_DIRECTIONS FOR THIS TASK:_
All of the records below should be output exactly.
··· SUPPLIED RECORDS ···
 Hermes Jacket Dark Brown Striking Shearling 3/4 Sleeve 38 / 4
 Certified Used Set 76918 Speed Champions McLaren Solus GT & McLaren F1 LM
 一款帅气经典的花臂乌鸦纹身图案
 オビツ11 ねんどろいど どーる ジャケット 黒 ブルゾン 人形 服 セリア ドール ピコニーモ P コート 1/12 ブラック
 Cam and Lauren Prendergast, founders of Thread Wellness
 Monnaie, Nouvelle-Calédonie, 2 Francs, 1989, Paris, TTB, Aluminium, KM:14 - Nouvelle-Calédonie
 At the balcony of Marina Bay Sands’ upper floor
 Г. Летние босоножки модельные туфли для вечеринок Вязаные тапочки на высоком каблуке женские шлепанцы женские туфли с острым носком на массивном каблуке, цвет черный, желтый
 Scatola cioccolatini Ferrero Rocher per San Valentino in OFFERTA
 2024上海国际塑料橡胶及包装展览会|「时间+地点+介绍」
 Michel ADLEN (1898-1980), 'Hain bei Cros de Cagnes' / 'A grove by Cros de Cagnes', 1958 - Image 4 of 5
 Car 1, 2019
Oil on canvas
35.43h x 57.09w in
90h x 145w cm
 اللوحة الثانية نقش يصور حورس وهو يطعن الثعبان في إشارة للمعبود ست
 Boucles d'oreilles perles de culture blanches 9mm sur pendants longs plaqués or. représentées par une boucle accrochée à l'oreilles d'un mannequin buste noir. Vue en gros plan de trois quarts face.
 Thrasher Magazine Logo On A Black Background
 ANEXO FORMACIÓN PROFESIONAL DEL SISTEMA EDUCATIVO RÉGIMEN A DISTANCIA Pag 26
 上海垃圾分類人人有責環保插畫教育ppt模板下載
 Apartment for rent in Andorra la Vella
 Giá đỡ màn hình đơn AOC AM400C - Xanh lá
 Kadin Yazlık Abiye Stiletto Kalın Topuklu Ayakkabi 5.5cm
···
_EXPECTED OUTPUT:_
 Hermes Jacket Dark Brown Striking Shearling 3/4 Sleeve 38 / 4
 Certified Used Set 76918 Speed Champions McLaren Solus GT & McLaren F1 LM
 一款帅气经典的花臂乌鸦纹身图案
 オビツ11 ねんどろいど どーる ジャケット 黒 ブルゾン 人形 服 セリア ドール ピコニーモ P コート 1/12 ブラック
 Cam and Lauren Prendergast, founders of Thread Wellness
 Monnaie, Nouvelle-Calédonie, 2 Francs, 1989, Paris, TTB, Aluminium, KM:14 - Nouvelle-Calédonie
 At the balcony of Marina Bay Sands’ upper floor
 Г. Летние босоножки модельные туфли для вечеринок Вязаные тапочки на высоком каблуке женские шлепанцы женские туфли с острым носком на массивном каблуке, цвет черный, желтый
 Scatola cioccolatini Ferrero Rocher per San Valentino in OFFERTA
 2024上海国际塑料橡胶及包装展览会|「时间+地点+介绍」
 Michel ADLEN (1898-1980), 'Hain bei Cros de Cagnes' / 'A grove by Cros de Cagnes', 1958 - Image 4 of 5
 Car 1, 2019
Oil on canvas
35.43h x 57.09w in
90h x 145w cm
 اللوحة الثانية نقش يصور حورس وهو يطعن الثعبان في إشارة للمعبود ست
 Boucles d'oreilles perles de culture blanches 9mm sur pendants longs plaqués or. représentées par une boucle accrochée à l'oreilles d'un mannequin buste noir. Vue en gros plan de trois quarts face.
 Thrasher Magazine Logo On A Black Background
 ANEXO FORMACIÓN PROFESIONAL DEL SISTEMA EDUCATIVO RÉGIMEN A DISTANCIA Pag 26
 上海垃圾分類人人有責環保插畫教育ppt模板下載
 Apartment for rent in Andorra la Vella
 Giá đỡ màn hình đơn AOC AM400C - Xanh lá
 Kadin Yazlık Abiye Stiletto Kalın Topuklu Ayakkabi 5.5cm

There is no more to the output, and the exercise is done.